Jamie Cooke

Personal information
- Nationality: British
- Born: 3 March 1991 (age 35)
- Height: 1.82 m (6 ft 0 in)
- Weight: 73 kg (161 lb)

Sport
- Country: Great Britain
- Sport: Modern pentathlon

Achievements and titles
- World finals: , 2018 Individual
- Regional finals: , 2019 Individual . 2019 Team

Medal record
Men's modern pentathlon
Representing Great Britain
World Championships
| Gold medal – first place | 2018 Mexico City | Individual |
| Silver medal – second place | 2018 Mexico City | Team |
European Championships
| Gold medal – first place | 2019 Bath | Individual |
| Gold medal – first place | 2019 Bath | Team |
| Bronze medal – third place | 2013 Drzonków | Team |

= James Cooke (pentathlete) =

British modern pentathlete

James Cooke (born 3 March 1991) is a British modern pentathlete.

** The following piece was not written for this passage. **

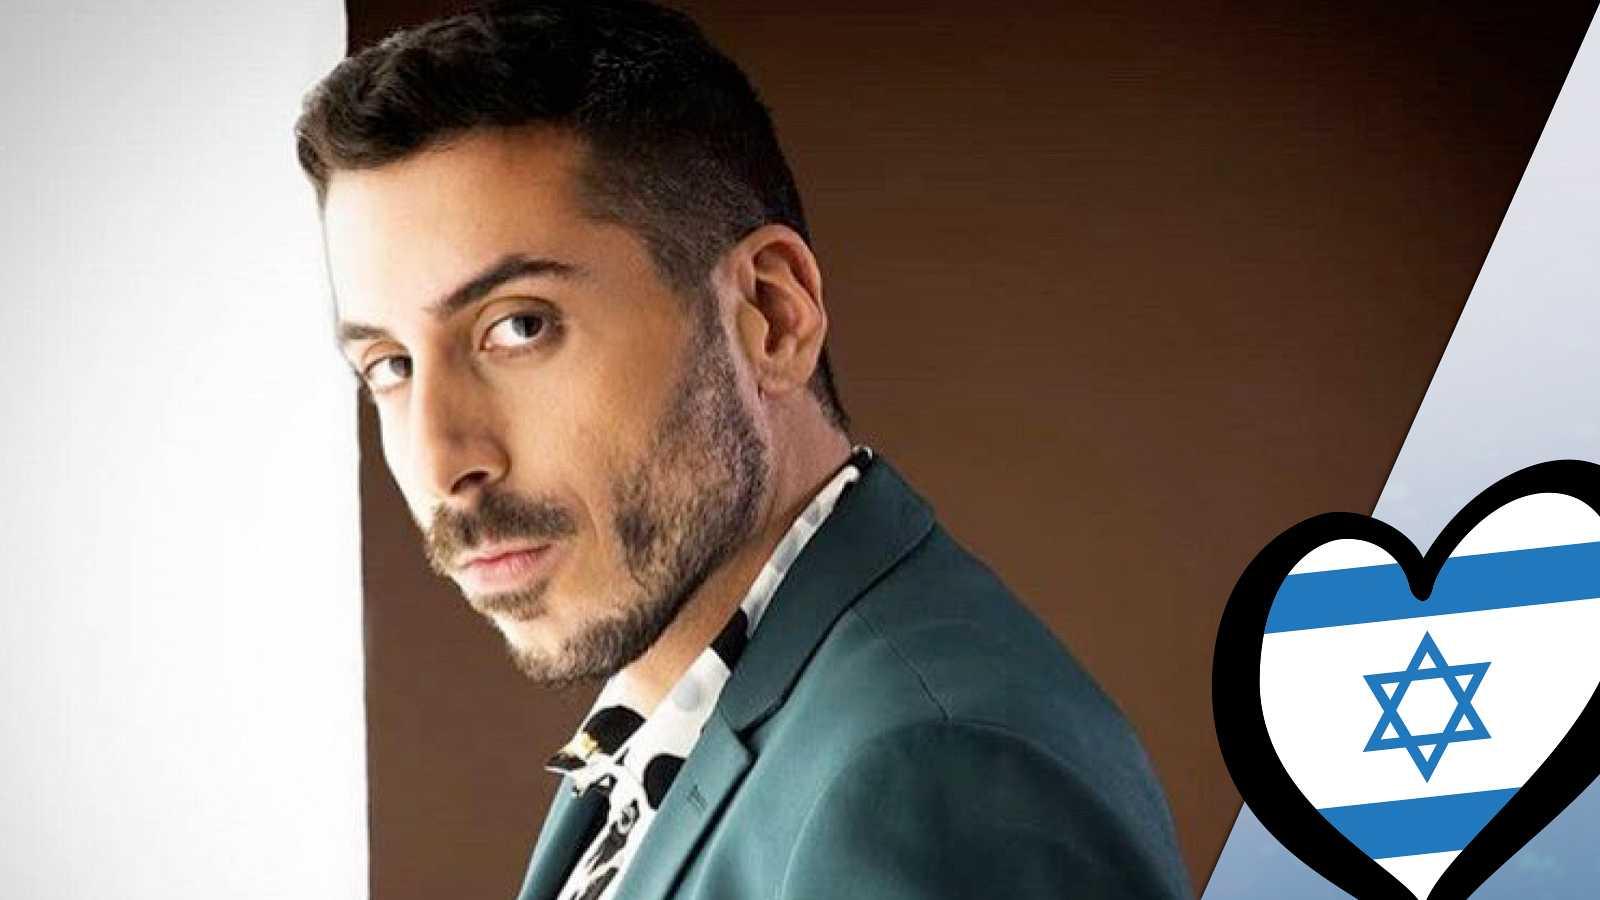 """Eurovisión 2019 - Kobi Marimi (Israel): Videoclip de """"Home"""""""

Cooke is both the 2018 World and 2019 European champion in the individual event, and the 2019 European Champion in the Team event with Tom Toolis and Joe Choong.

In 2022 Cooke announced about his retirement as pentathlete and new career as the head coach for Greek modern pentathlon national team.

==Career==
Cooke competed at the 2016 Summer Olympics in Rio de Janeiro, in the men's event, where he finished 14th.

At the 2018 World Modern Pentathlon Championships held in Mexico City, Cooke overtook Valentin Prades who had celebrated too early to finish in first place. He also won a team silver together with Joe Choong and Myles Pillage.

In 2019, at the European Championships held in Bath, Somerset, Cooke won a gold in the individual event. He also won a team gold with Choong and Tom Toolis.

In 2021, Cooke competed at the delayed 2020 Summer Olympics in Tokyo, Japan in the Men's event. He finished 9th in the event won by his teammate Joe Choong.